JLI’s view is distinctly different. This battle is far from over. There is much important work to be done to keep pressure on the USDA, large food companies and retailers to ensure that the greatest possible degree of GMO transparency is achieved through the new rules and that companies will think twice before resorting to QR codes. That’s where we are focused. And we are already taking steps to persuade the Administration and the food industry to provide a simple, factual disclosure on the package.
As the U.S. Department of Agriculture begins its process to implement the mandatory GMO labeling law, it will be imperative that USDA meet the intent of Congress to give consumers a simple disclosure.
In particular, it was Congress’s clear intent that the mandatory labeling program created by S.764 include all food ingredients derived from genetic engineering, including oils and sugars, as well as ingredients derived from newer genetic engineering techniques. To comply with the new law, USDA’s new labeling requirements must cover all GMO techniques and be consistent with the definitions established by many of our largest trading partners – including a 0.9 percent threshold for non-GMO material.

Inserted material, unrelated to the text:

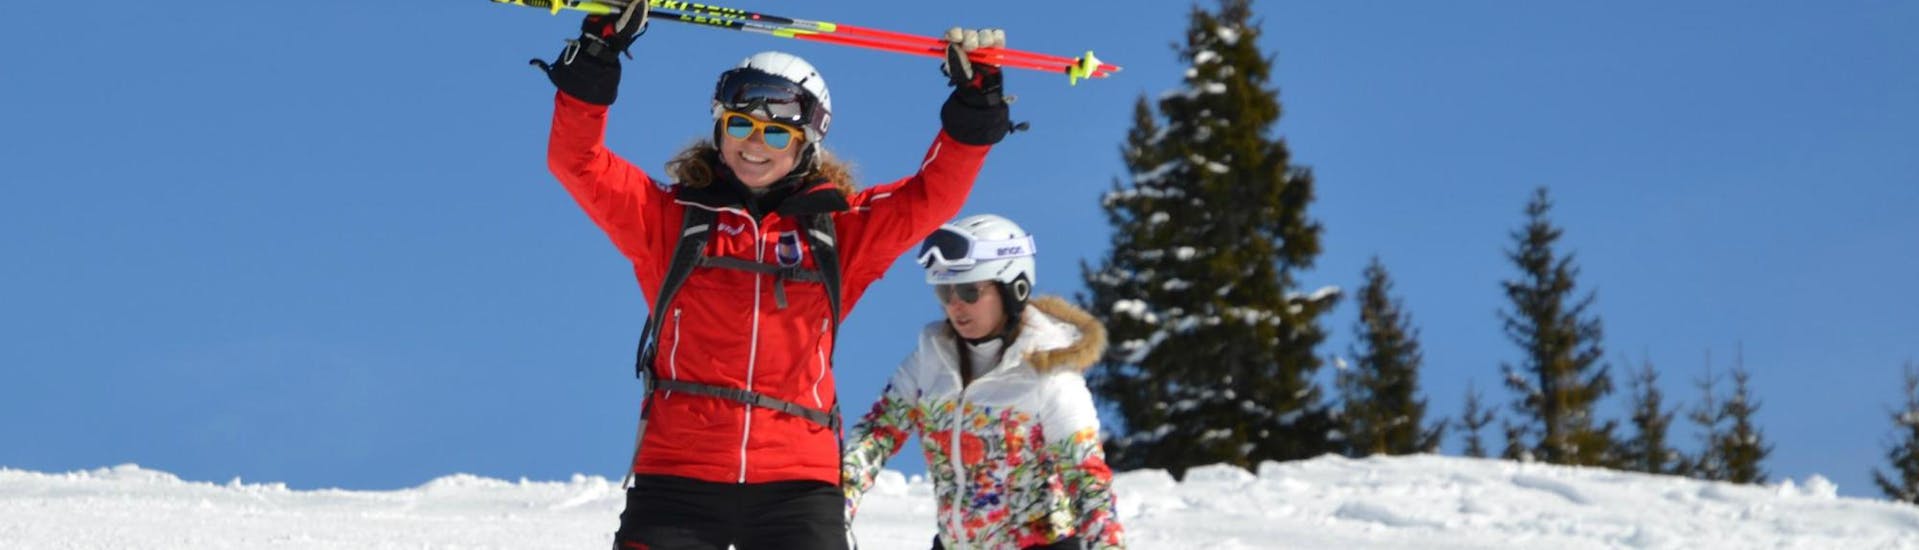 Dans les Cours de ski pour Adultes - Première expérience, le moniteur de l'école de ski Skischule Kitzbühel Rote Teufel montre à un débutant les bases du chasse-neige.

We will do everything we can to discourage the use of QR codes. But, to meet the intent of the new law, USDA must ensure that any QR codes designed to comply with the new law be large enough to work consistently. Furthermore, the law clearly directs USDA to require that the GMO disclosure must be the first thing one sees on the product information page after scanning a digital disclosure. This disclosure on the product information page should be an ingredient-by-ingredient presence claim – the same disclosure required by many of our trading partners. The law also clearly directs USDA to require that any QR code must be accompanied a toll-free phone number. When consumers call that number, they should be able to get the same ingredient-by-ingredient information.
What about consumers without smartphones? Following completion of a one-year study, USDA will have to provide “comparable” options for people without smartphones – that is, an option just as convenient as it is for someone to pull out their phone and scan a product. Consumers shouldn’t have to walk all the way across the store to scan a product or do a web search.
JLI will also do everything we can to ensure timely implementation of the new law. Congress gave USDA two years to get the job done. Many large food companies already began labeling their GMO products to comply with Vermont’s mandatory labeling law. Congress took that information away from consumers when it preempted state labeling requirements and consumers should not have to wait more than two years to be able to get that information again.
In conclusion, Just Label It is very proud of our efforts to fight for mandatory at-a-glance GMO labeling, but the battle is far from over. For JLI, that means trying to ensure that these issues (and others) and thoughtfully addressed by USDA and that means keeping the pressure on food companies to give consumers the basic information about our foods that we all want and deserve.